Chiamarono Maestranze napoletane e venete a produrre forme tipiche dell’epoca e proprio all’imperizia di alcuni maestri di fabbrica si attribuisce la fine della manifattura. Questa avvenne a seguito di un incendio che alcuni, tuttavia, ritengono di natura dolosa, appiccato per motivi politici e di concorrenza.

A raccontare questa affascinante vicenda è il Museo delle Ceramiche di Pescolanciano, allestito nei locali dell’ex Taverna del Duca d’Alessandro, con la collezione personale dell’erede della famiglia: Ettore d’Alessandro.

In esposizione, diversi pezzi rari e unici che farebbero la felicità di molti collezionisti. Le porcellane di Pescolanciano, infatti, proprio perché prodotte in un breve lasso di tempo e con uno stile unico, sono richiestissime sul mercato antiquario.

Non è difficile immaginare le bellissime tavole apparecchiate nel castello con le ceramiche prodotte dalla fabbrica d’Alessandro.

In quel periodo gli ordini di cucina prevedevano diverse zuppe, carne allevata e di cacciagione come il cinghiale, ortaggi e verdure del ducato ma anche salumi e formaggi locali.

La candidatura Unesco

Di grande interesse è un ordine di cucina del castello datato 16 gennaio 1799 che prevedeva “piccole portate di tartufo bianco di Carovilli con mazzette di erbe profumate”.

Questo documento è la testimonianza più antica sulla presenza del tartufo in Molise.

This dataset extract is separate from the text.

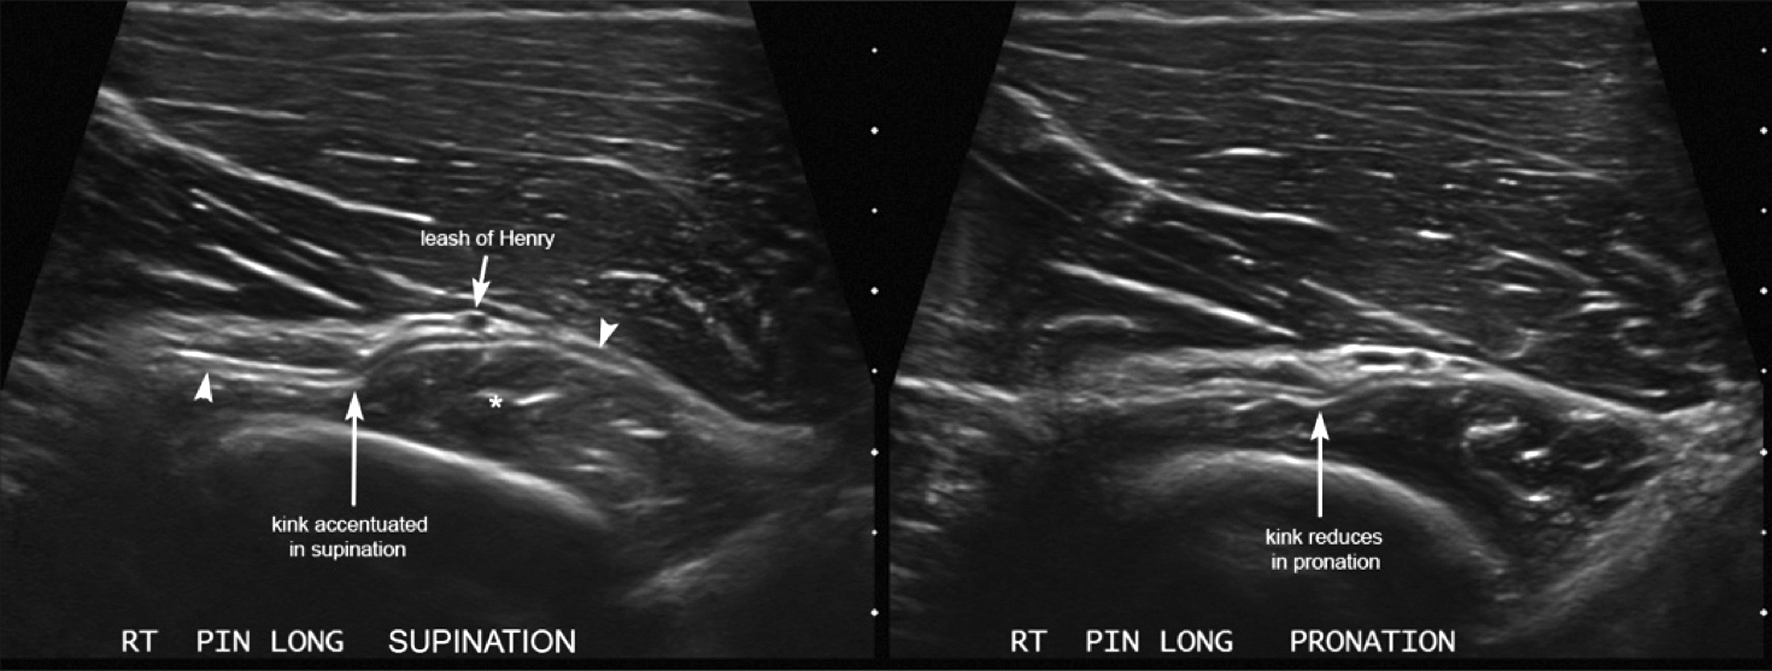 Elbow Case 1 - Sports Medicine Imaging

Soprattutto, tra quelle più importanti inserite nel dossier di candidatura UNESCO della “Cerca e cavatura del tartufo in Italia”. La cui richiesta di inserimento è stata accolta nel 2021.

Che i duchi di Pescolanciano fossero dei buongustai, sempre aggiornati sulle “mode” enogastronomiche del momento, lo dimostra un altro ordine di cucina, del mese di gennaio dello stesso anno, in cui vengono richiesti “fagioli e polenta in spezie peperonate”.

Questo piatto è la più antica attestazione dell’uso quotidiano di mais e di peperone in Molise. Ingredienti provenienti dal Nuovo Mondo che hanno impiegato secoli per diffondersi in tutta Italia su larga scala.

Nel locale adiacente al museo, è possibile visitare un’esposizione dedicata alla civiltà contadina con tantissimi oggetti legati agli antichi mestieri delle famiglie del ducato.

L’esposizione è molto ricca e comprende attrezzi e strumenti per la lavorazione casearia tradizionale. Oggetti rappresentativi del mondo della transumanza e dell’allevamento, un bellissimo telaio per la lavorazione delle stoffe utilizzate per realizzare la biancheria da corredo, attrezzi agricoli e di bottega. Sicuramente da non perdere!

Curiosità

Al paese di Pescolanciano è dedicata una birra che è possibile trovare solo nei bar locali.

Questa birra, chiamata Pescolanciano ComunAle, è stata realizzata da un noto birrificio locale, La Fucina. Questi hanno “interrogato” gli abitanti del paese tramite un questionario per scoprire quali fossero le caratteristiche più amate nella birra dai suoi abitanti.

È nata, così, una Blond Ale di stampo belga, di circa 6 gradi alcolometrici, con una schiuma non troppo abbondante. Una vera specialità per gli amanti della birra!